### Data section
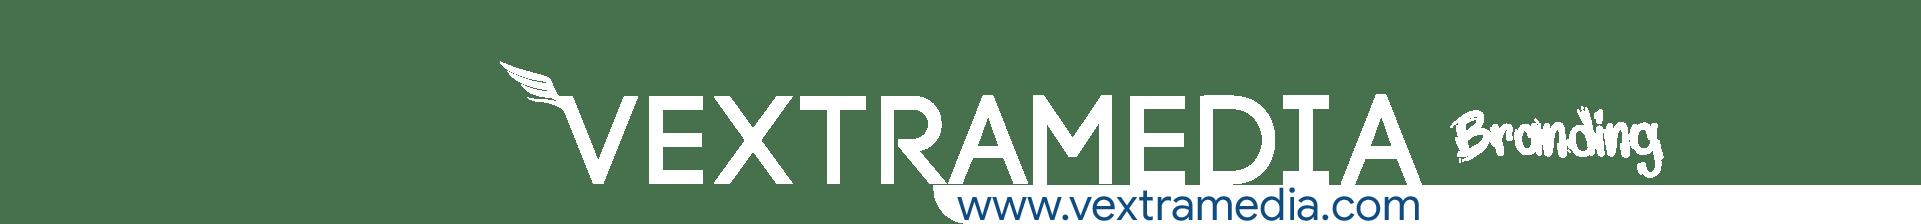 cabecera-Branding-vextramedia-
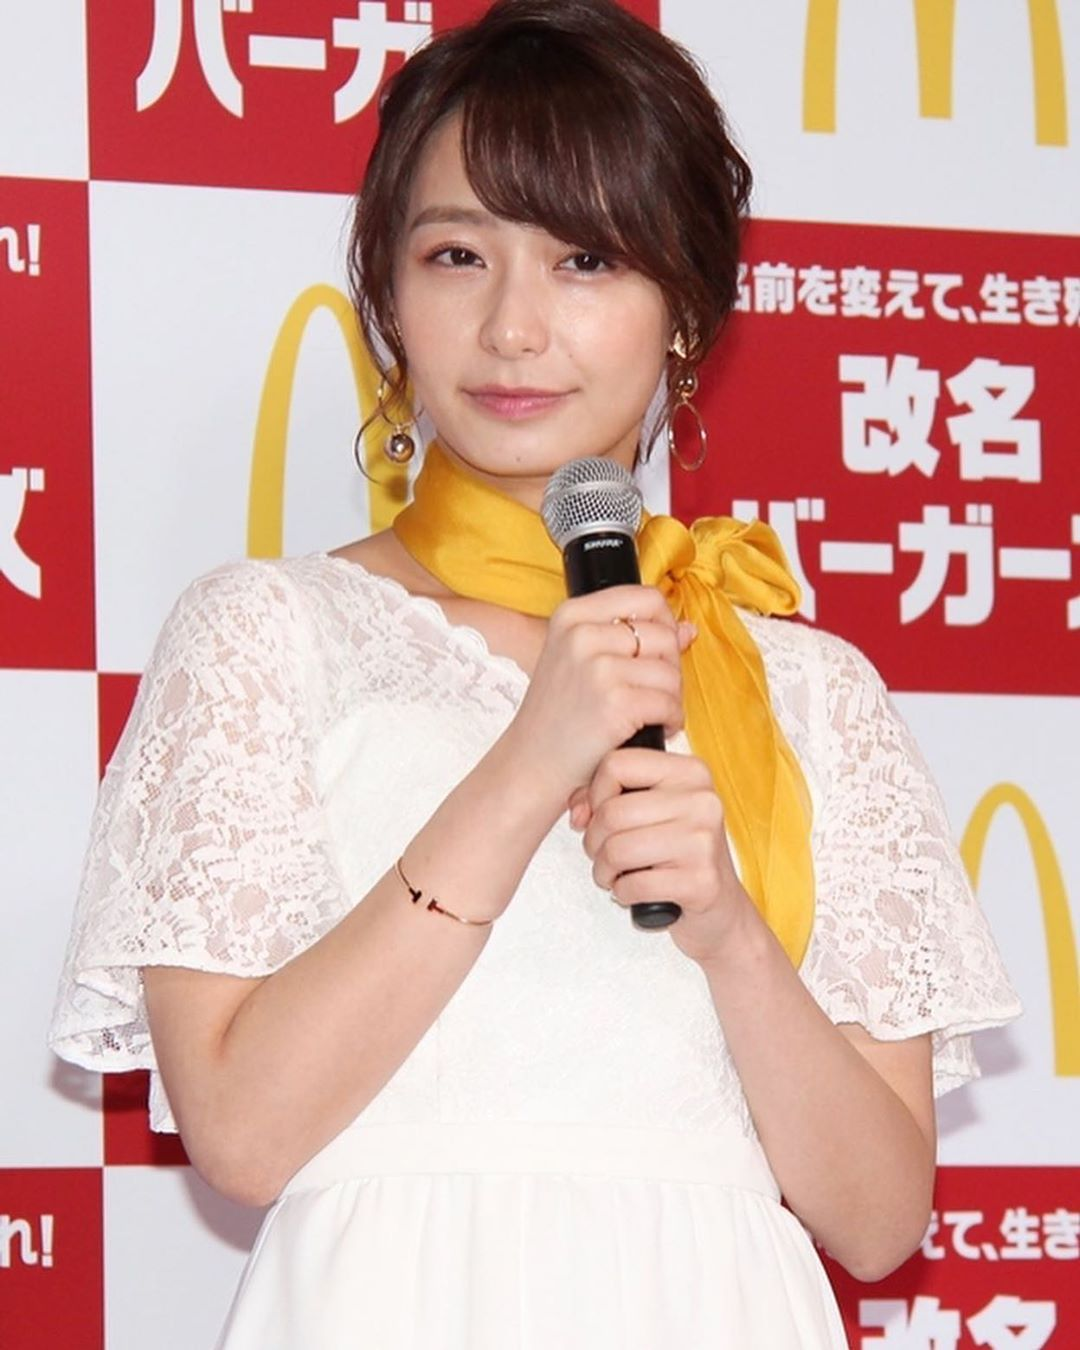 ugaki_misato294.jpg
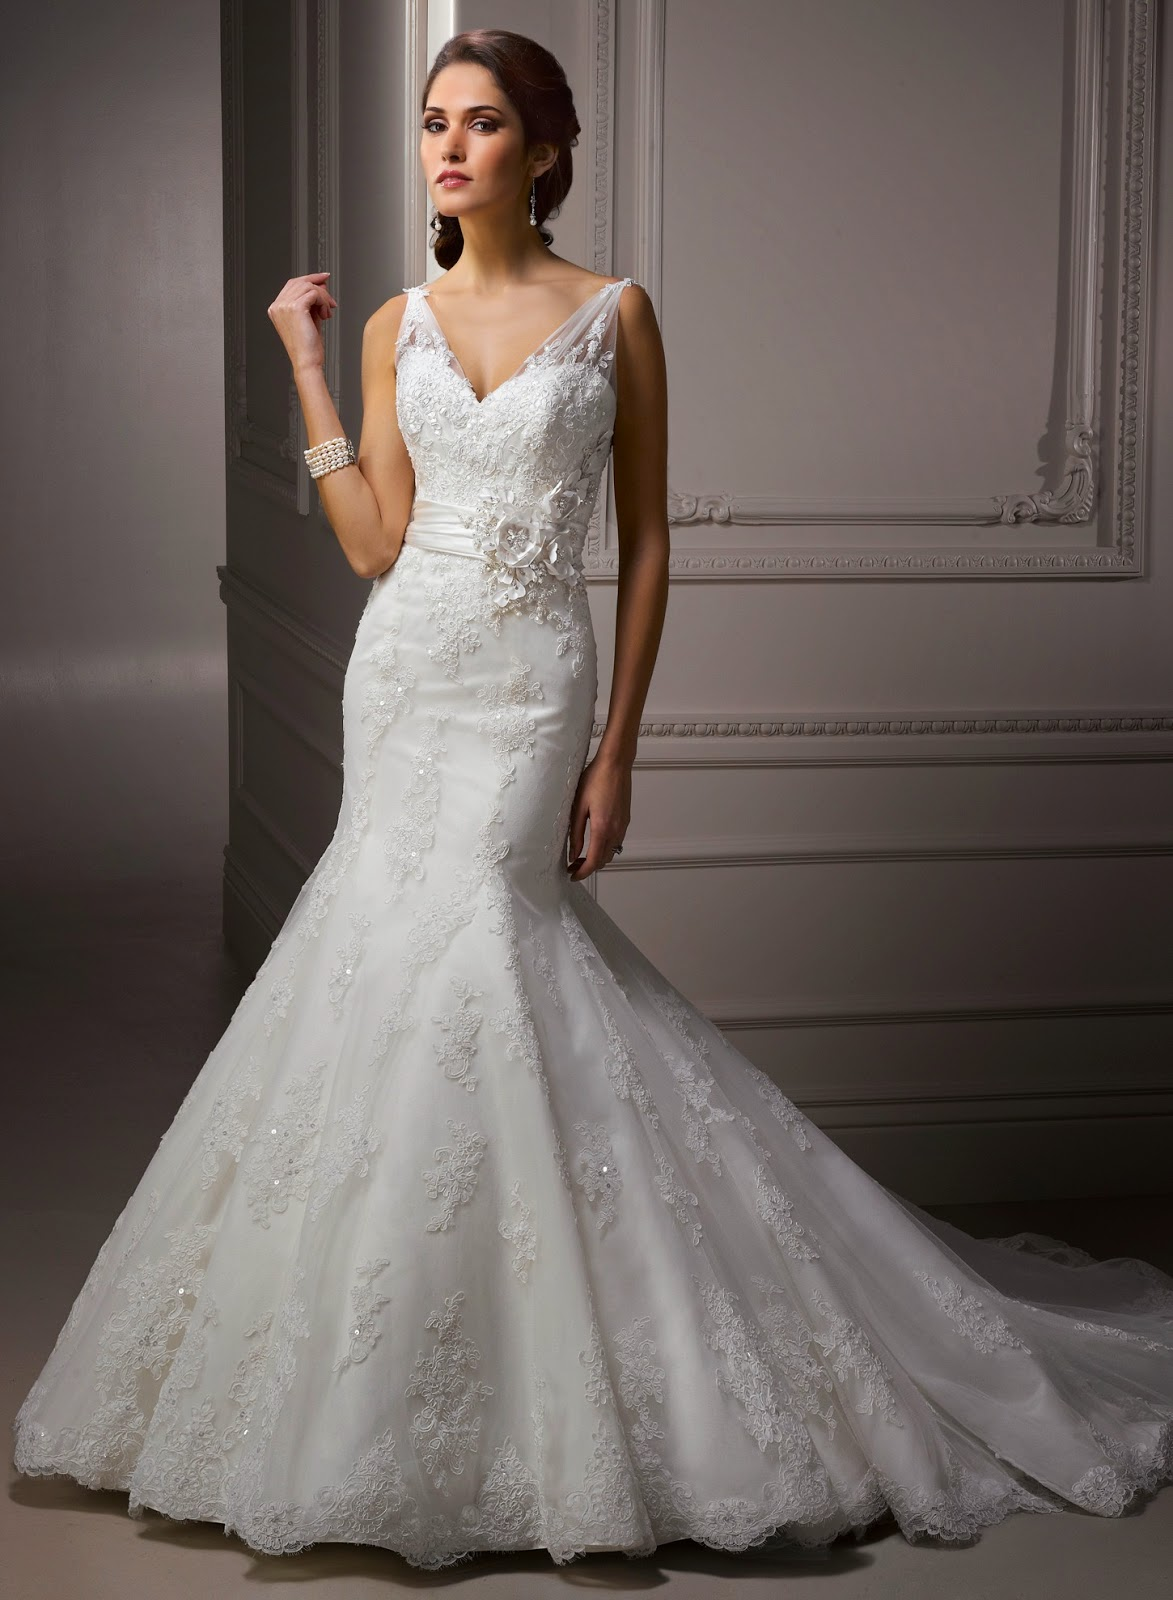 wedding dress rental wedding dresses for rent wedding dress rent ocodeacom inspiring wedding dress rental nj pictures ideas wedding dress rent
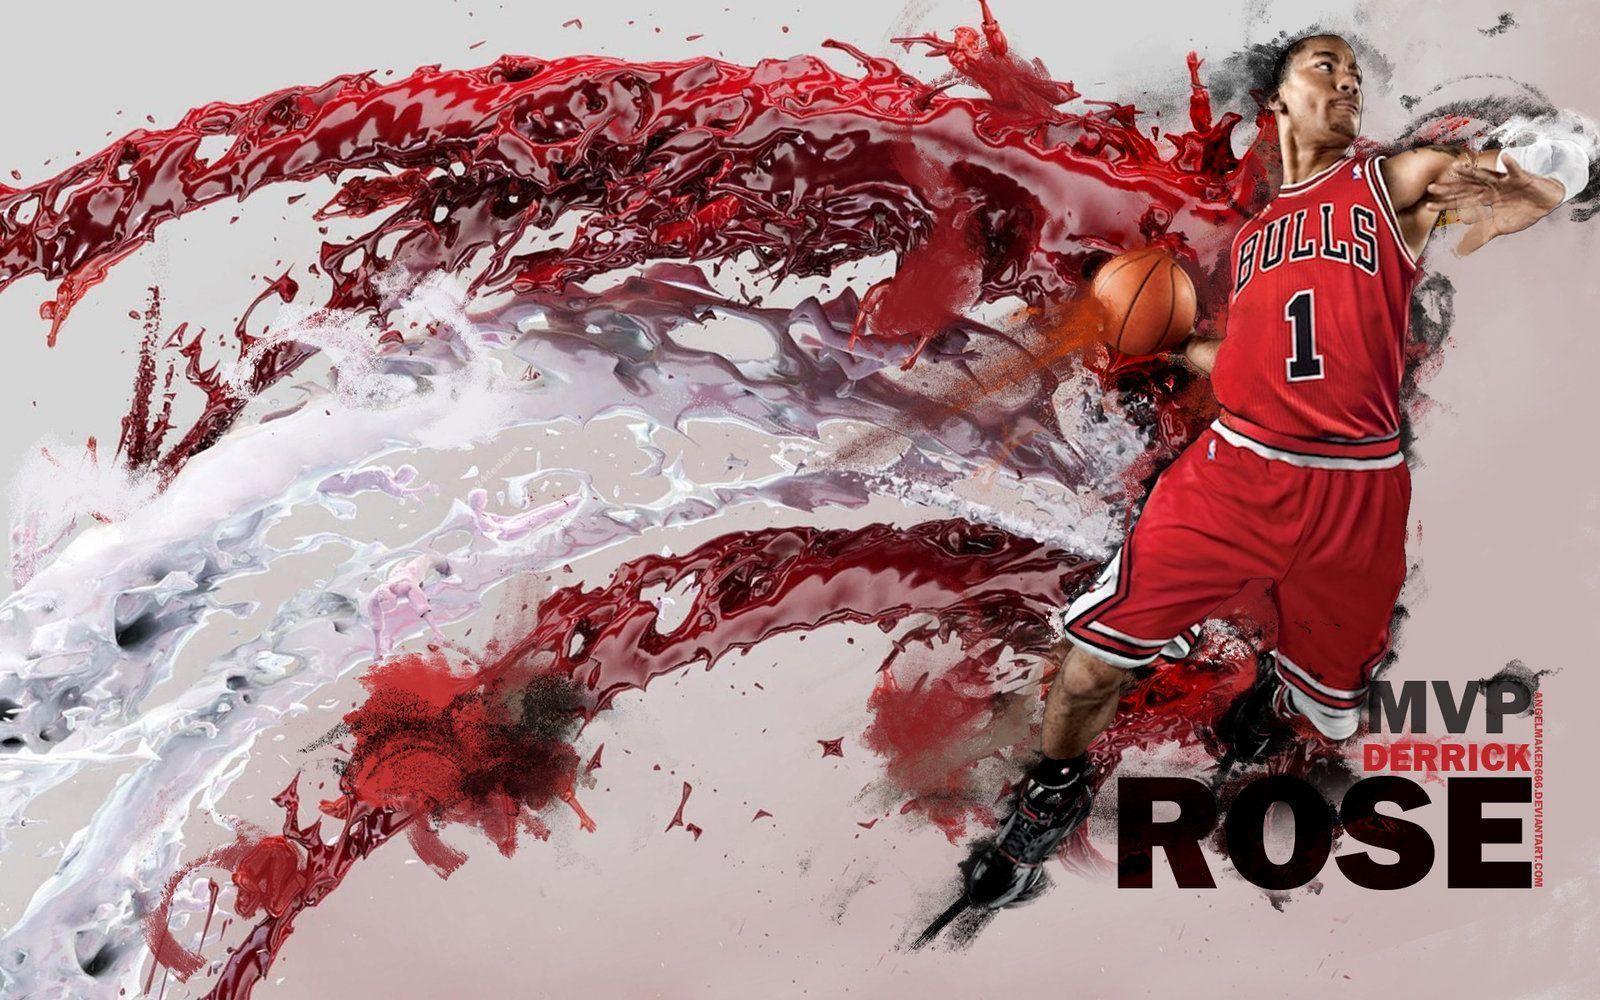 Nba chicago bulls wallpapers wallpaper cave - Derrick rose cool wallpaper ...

### The problem
Could the lines from the one with "ugaki_misato294.jpg" through the last line of the material above be written out exactly, both included, with pictures left out?

### Solution for this task
 ugaki_misato294.jpg
 wedding dress rental wedding dresses for rent wedding dress rent ocodeacom inspiring wedding dress rental nj pictures ideas wedding dress rent
 Nba chicago bulls wallpapers wallpaper cave - Derrick rose cool wallpaper ...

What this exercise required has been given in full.